# Transitioning to life after sport: empowering former college varsity athletes to live more healthfully

**Authors:** Linda B. Piacentine, Taylor L. Wolf, Jacob J. Capin

PMC · DOI: 10.3389/fspor.2025.1713432 · Frontiers in Sports and Active Living · 2026-01-12

## TL;DR

This study explores the challenges former college athletes face after retiring from sports and identifies ways to help them maintain a healthy lifestyle.

## Contribution

The study provides insights into the unique experiences and needs of former college athletes during their transition to post-sport life.

## Key findings

- Former athletes often experience a loss of structure and support after retiring from sports.
- Many athletes reported pain and soreness that improved after stopping competition.
- Guidance on nutrition, injury management, and general health exercise is needed for a healthier transition.

## Abstract

The transition out of competitive sport comes with a range of psychosocial challenges for athletes, particularly when retirement is involuntary (e.g., due to injury). Little is known about the health of former athletes who often manage prior injuries and changing biopsychosocial factors.

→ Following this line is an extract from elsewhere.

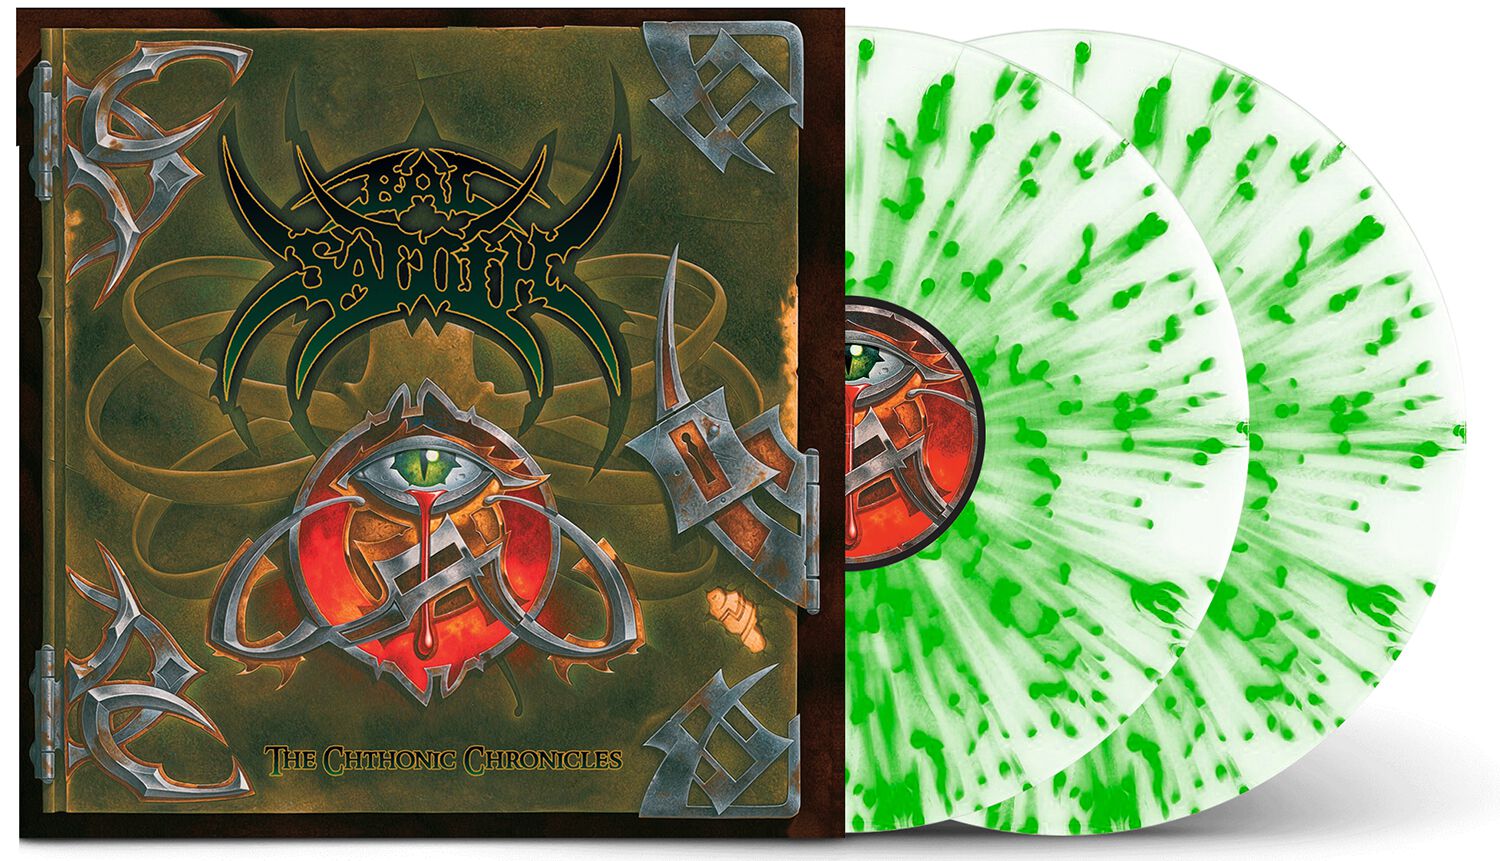 Image of Bal-Sagoth The chthonic chronicles 2-LP splattered

Identify the unique experiences of varsity athletes during college and as they transition to life after college sports and determine the facilitators, barriers, and needs of college varsity athletes to engage in a physically active and healthy lifestyle after competitive sport retirement.

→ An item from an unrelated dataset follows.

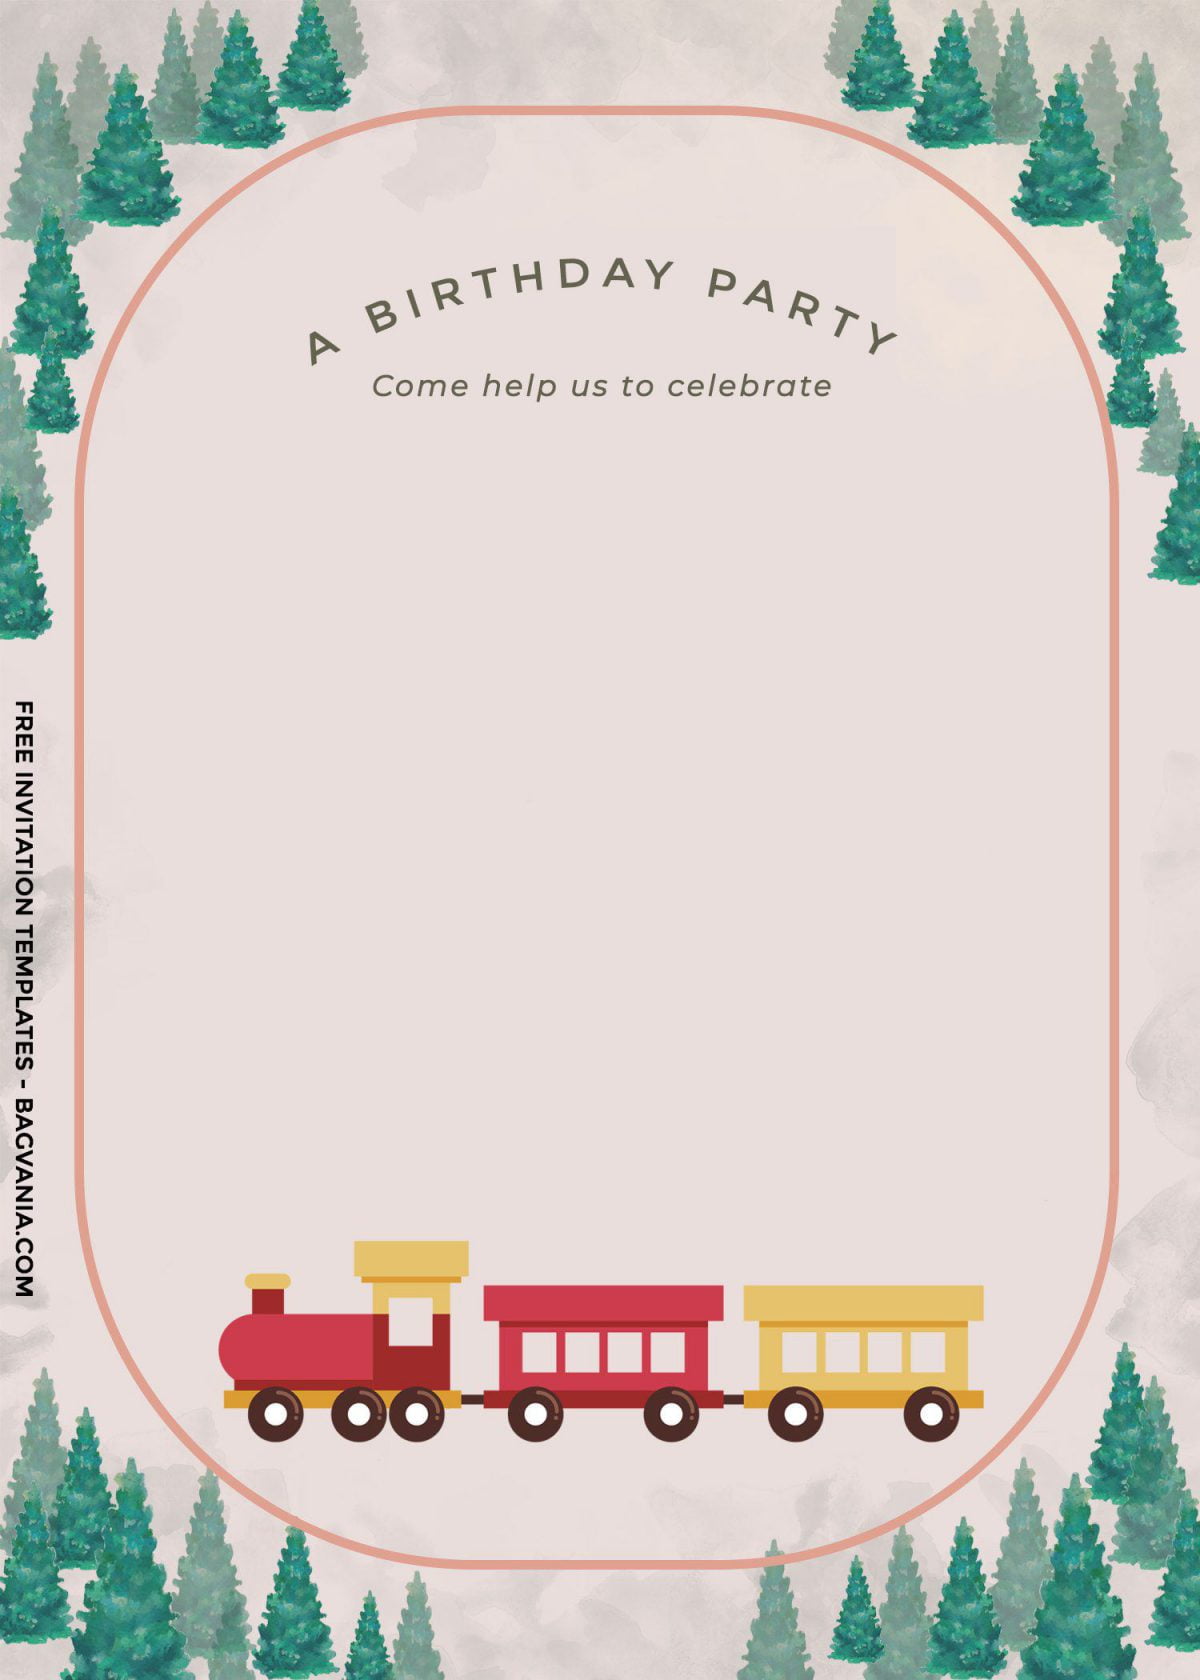 8+ Cute Vintage Train Themed Birthday Invitation Templates and has Vintage train in the forest

Thirty former college varsity athletes (15F, 15M; mean age 23 ± 1 yrs; BMI: 26 ± 4 kg/m2) who finished competing approximately 2 weeks to 2 years prior participated in semi-structured, qualitative interviews asking open-ended questions describing their experiences as college athletes and their transition to life after college sports. Interview topics centered on physical and psychological health, physical activity and exercise, diet, the overall transition experience including ways in which athletes felt well equipped or poorly equipped for life after sport, and what could have facilitated their transition to life after collegiate athletics. Researchers conducted coding and thematic analysis using an iterative and collaborative approach until no new themes were constructed.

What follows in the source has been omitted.